– За недельку? – Я не верю своим ушам. – Через девять дней мы играем с Гарвардом.
– Значит, у команды будет два дня, чтобы потренироваться в новом составе, – говорит тренер. – Гаспар – сильный игрок. Ловкий, изворотливый и скользкий, как мыло. Я доволен теми результатами, которые он показывает на тренировках. Да, он не так быстро соображает как ты, и его нервишки немного разболтаны, но парень чертовски талантлив. Побольше бросковой практики, поменьше жалости к себе, и он будет лучшим в своем деле.
Я смотрю на него в полном шоке.
Он что, обнюхался?
– Сынок, если мы не возьмем его в стартовый состав, то он заявит на тебя в полицию, очень громко заявит, и мы столкнемся с проблемами посерьезнее, чем одна сраная замена.

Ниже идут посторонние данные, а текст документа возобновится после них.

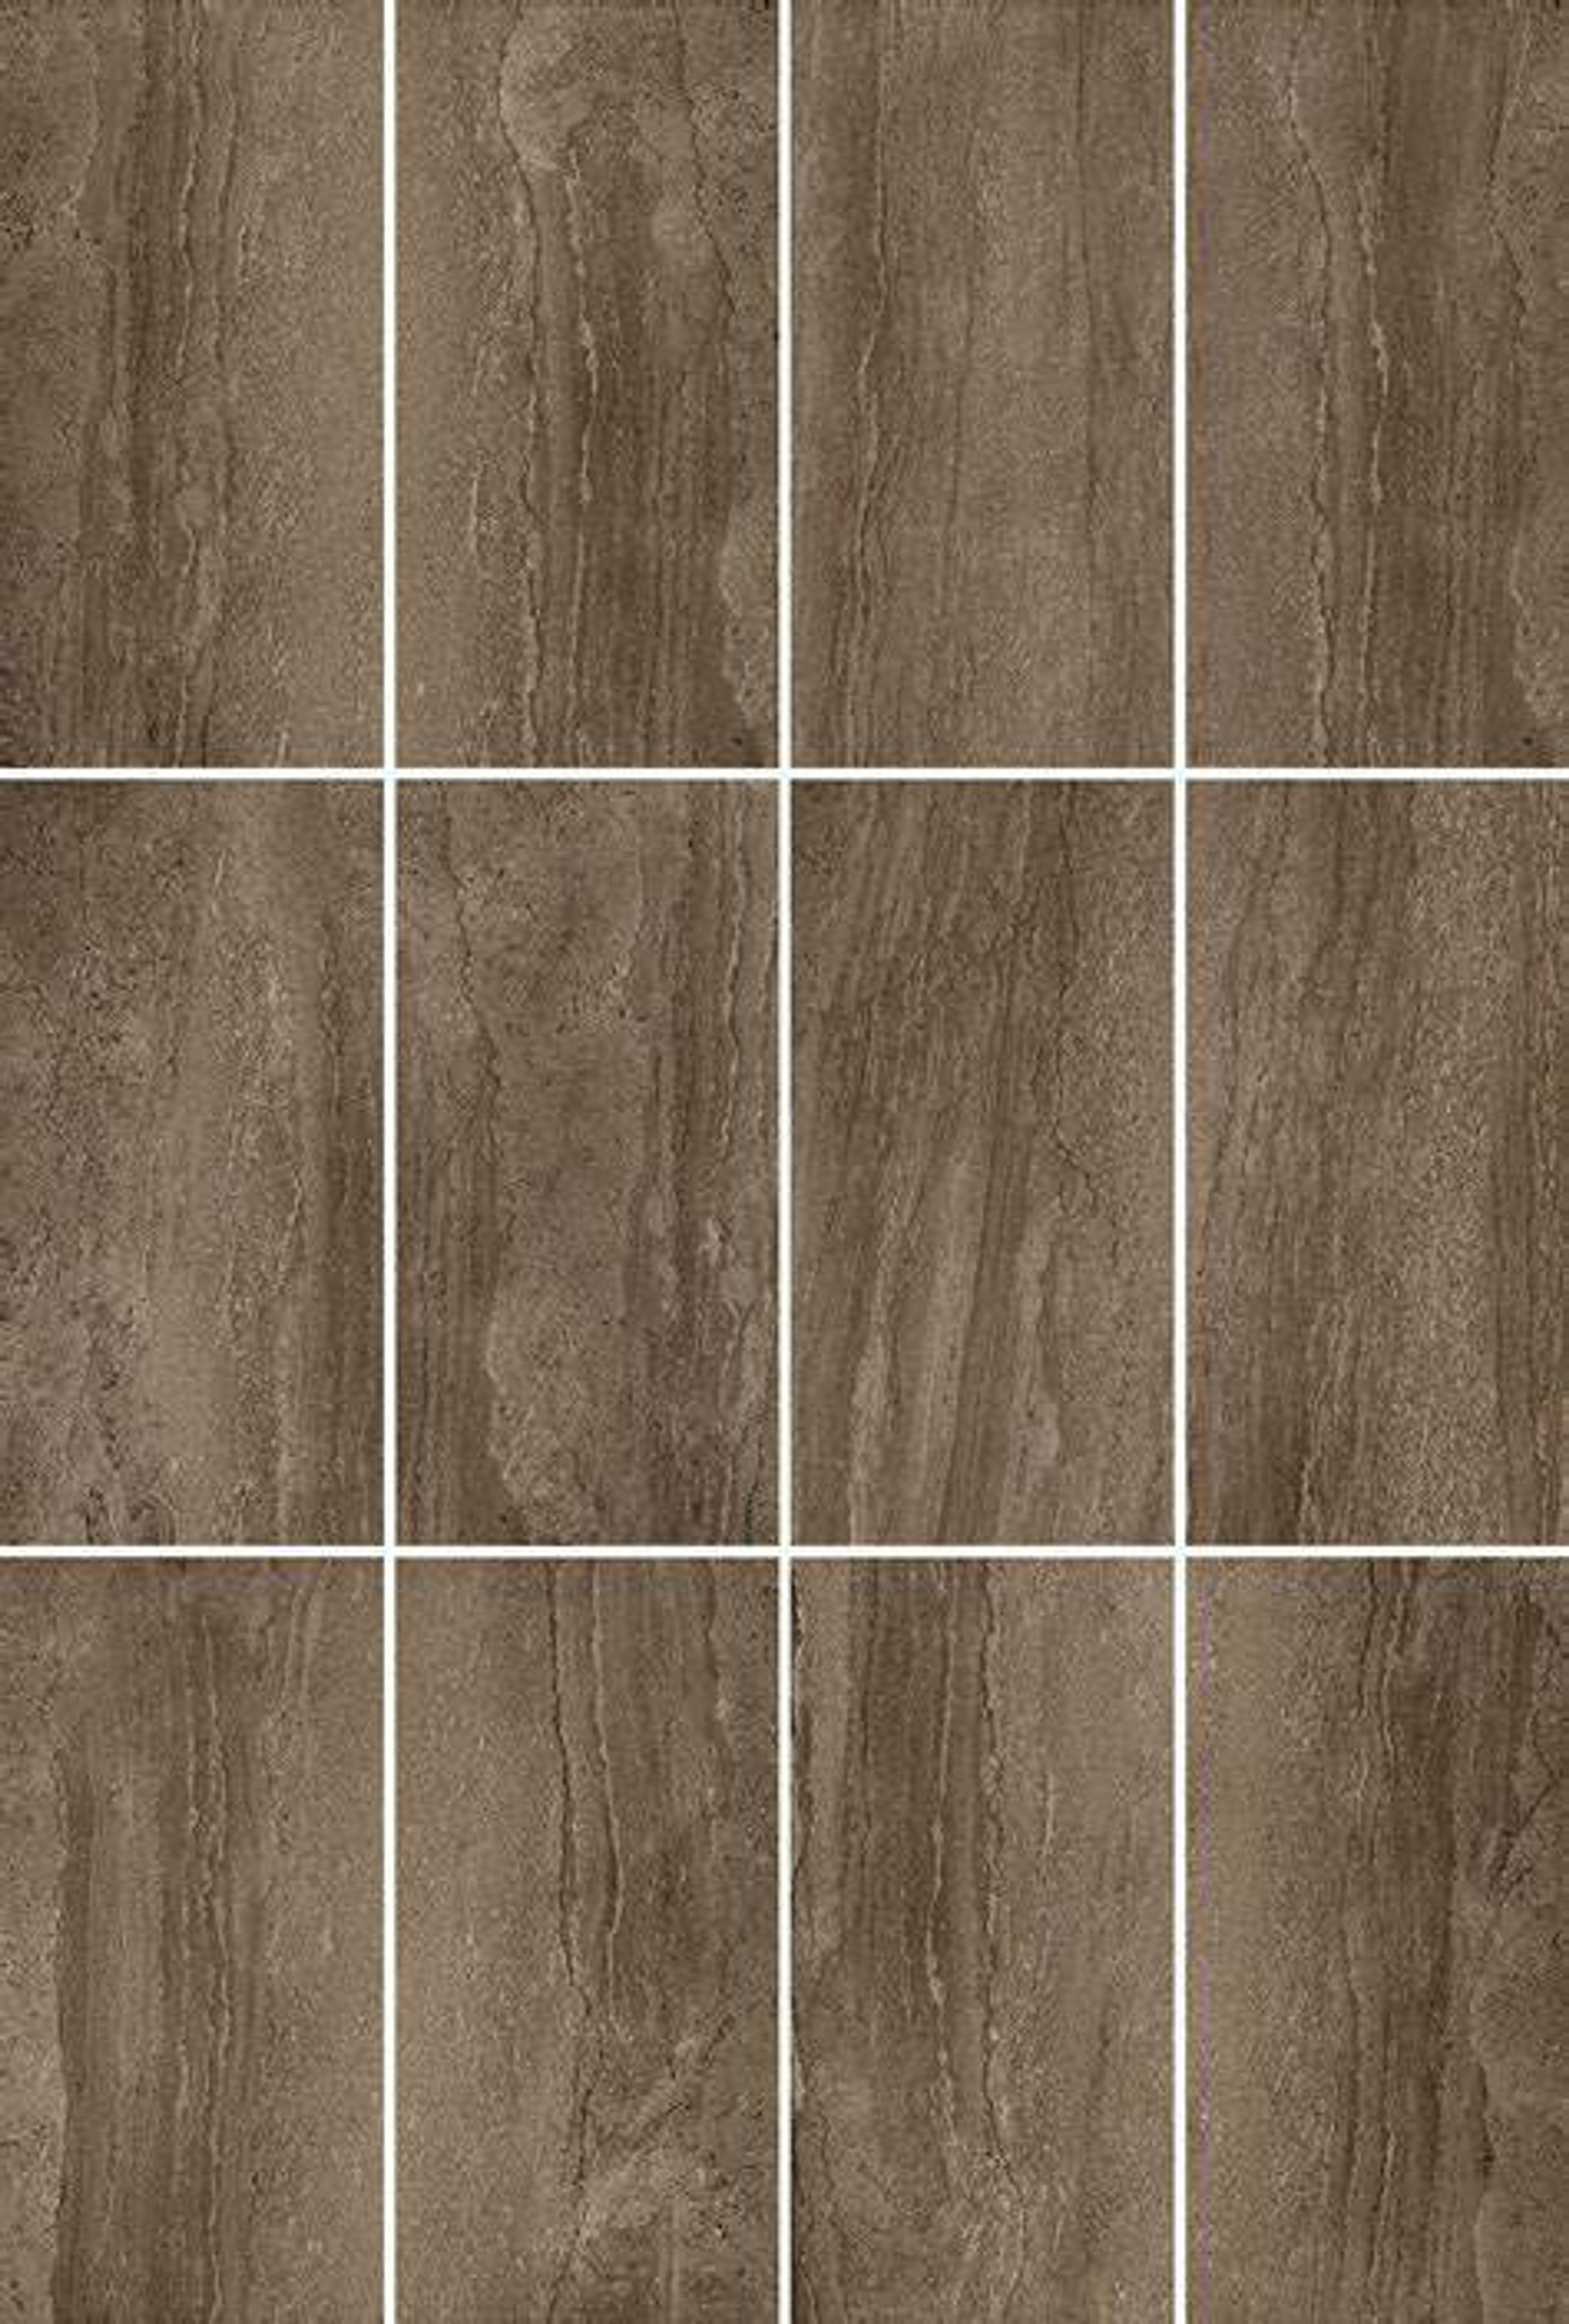 Newport Collection: Brown 12X24, 6x24, Matching Bullnose Porcelain Tile

Наконец, на меня наваливается понимание.
Твою мать.
– Ублюдок выкатил ультиматум, так ведь?
У Маккартни дергается челюсть.
– В разговоре со своим тренером не используют такие слова, Каннинг.
– Никаких копов и шумихи в прессе, взамен на место в стартовом составе? – спрашиваю, игнорируя замечание.

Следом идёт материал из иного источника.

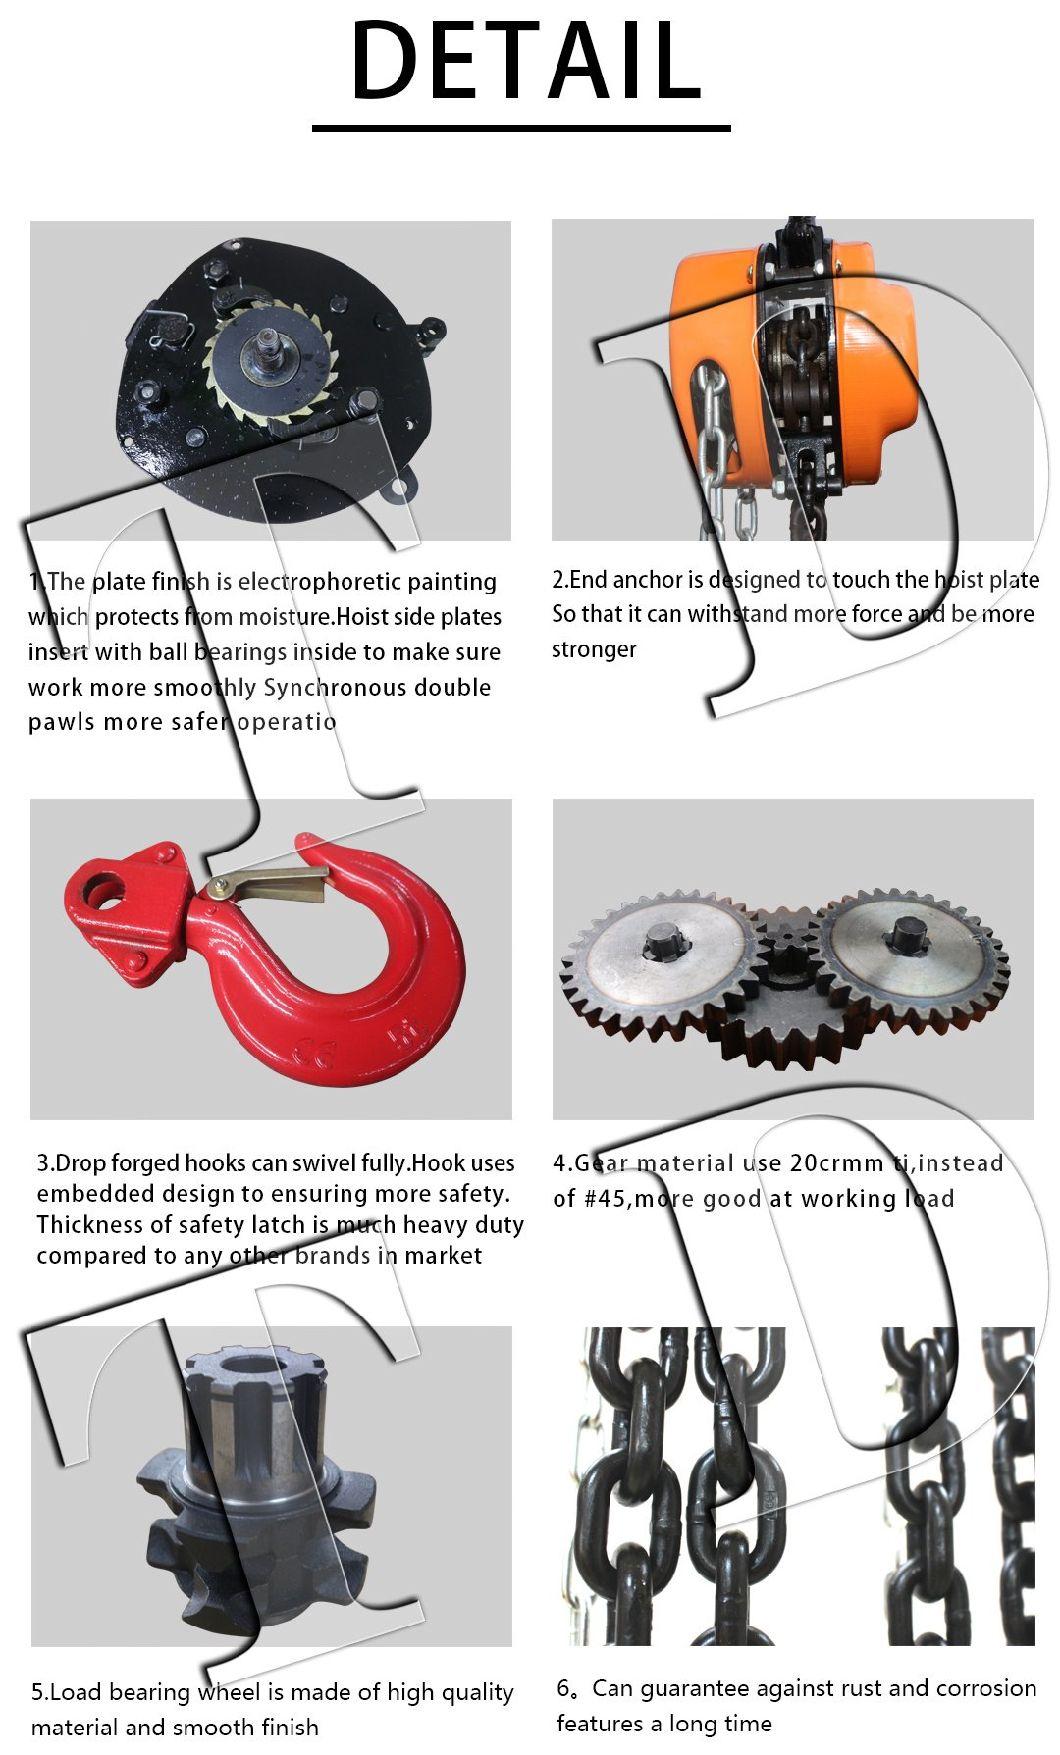 Tojo High Quality Lifting Chain Block Lever Hoist Hot Selling From 1ton to 10ton

– Или он входит в основу, или ты выходишь из нее, – раздраженно отвечает тренер, тем самым подтверждая мои догадки.
Я опускаюсь в кресло, упираюсь локтями в колени и тру руками лицо. Разбитая губа пульсирует в такт быстрому биению сердца.
– Чье место он займет?
– Заменит четырнадцатого. – Он поднимает руку и проводит ладонью по лысой голове, сверкая массивным золотым «ролексом» на запястье. – Пирсон до сих пор как следует не восстановился после разрыва мениска. Пусть еще немного отдохнет, пока все это дерьмо не уляжется, а там посмотрим.
– Принимающего?
[77] – с ужасом спрашиваю я. – Да это же самоубийство! На носу одна из важнейших игр сезона, а мы выпустим в нападении кудрявое чучело с дырявыми руками? Черт, да моя бабуля за утренней газетой ходит быстрее, чем это недоразумение бегает! Гарвард нас просто размажет. Как в прошлом сезоне. И в позапрошлом. Третье поражение подряд обрушит все наши рейтинги!
– Выдохни, парень.
Я делаю глубокий вдох. Выдох. Но уровень моей злости от этого не понижается. Мне хочется сломать что-нибудь, чтобы выпустить пар.
– Мы проиграем.
– Необязательно. Внесешь изменения в схему нападения, отработаете корректировки…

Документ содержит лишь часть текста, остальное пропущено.